Sainsbury’s has reported a fall in sales over the Christmas quarter as lower demand for toys and games offset the popularity of festive party food and a sell-out range of novelty jumpers.

The supermarket group, which also includes retailer Argos, said like-for-like sales for the 15 weeks to 4 January were down 0.7% on the same period last year.

Its Christmas trading update comes a day after industry data showed customers tightening their belts over the festive period, with supermarket sales growing at the slowest pace since 2015 in retail’s so-called “golden quarter”.
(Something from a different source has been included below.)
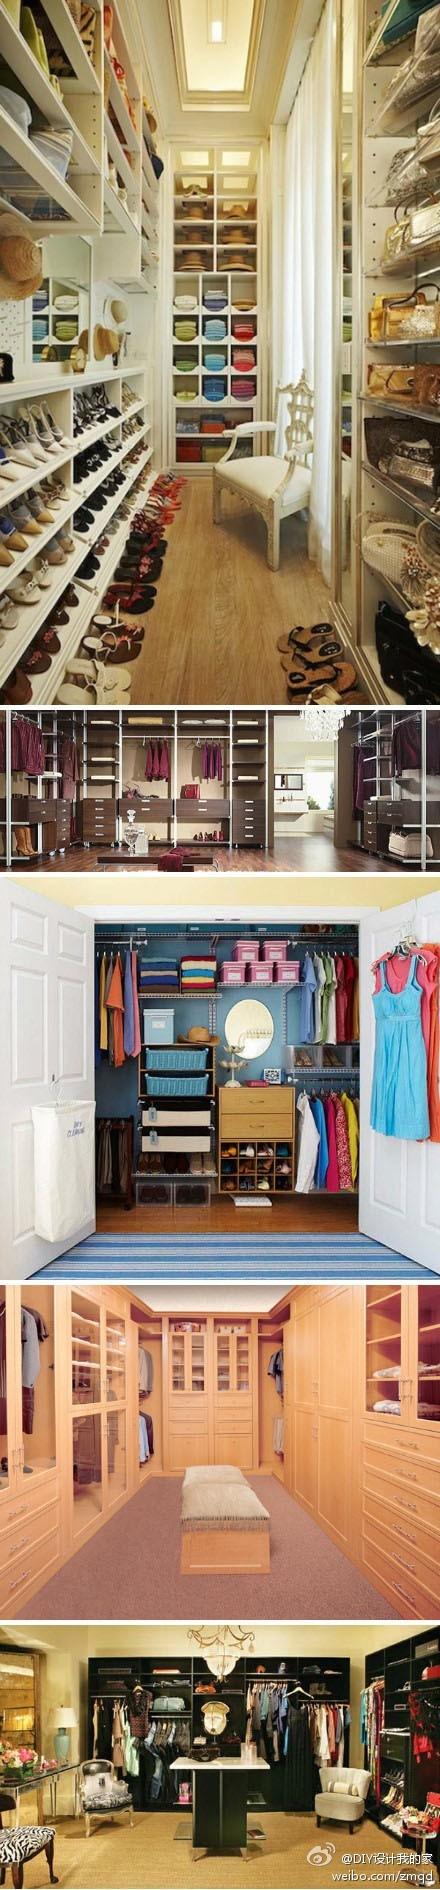 most amazing closet ever

Sainsbury’s third quarter sales figure was its fifth decline in a row and worse than the 0.2% downturn seen in the second quarter.

The company said: “Retail markets remain highly competitive and promotional and the consumer outlook continues to be uncertain.”

Sainsbury’s said that total grocery sales for the period rose 0.4%, helped by £9 turkey crowns and Christmas party food as well as greater demand for its premium “taste the difference” products.

Sainsbury’s chief executive Mike Coupe’s strategy has been under the spotlight

Reflecting the tough competition in the sector, it also said it was cutting the price on popular products during January including apples, mangoes and avocados.

There was a mixed picture for its non-food offerings over the festive period.

Argos had its biggest Black Friday to date but over the whole quarter general merchandise sales were down by 3.9%.

However Sainsbury’s clothing sales grew by 4.4%, with womenswear including novelty Christmas jumpers proving particularly popular.

Chief executive Mike Coupe said: “The colder weather helped to deliver strong clothing sales in the quarter and our Christmas party and gifting ranges were all popular with customers.

“Argos outperformed the market in consumer electronics, but the toy and gaming markets declined year on year.”

Mr Coupe’s strategy has been under the spotlight after its planned merger with Argos was blocked by competition regulators.

Sainsbury’s, like its “big four” supermarket rivals Tesco, Asda and Morrisons, has been continuing to lose ground to discount rivals Aldi and Lidl.

But delivering the Christmas update, Mr Coupe insisted there was a “real sense of momentum” about the business with investment in stores and improvements to service and availability.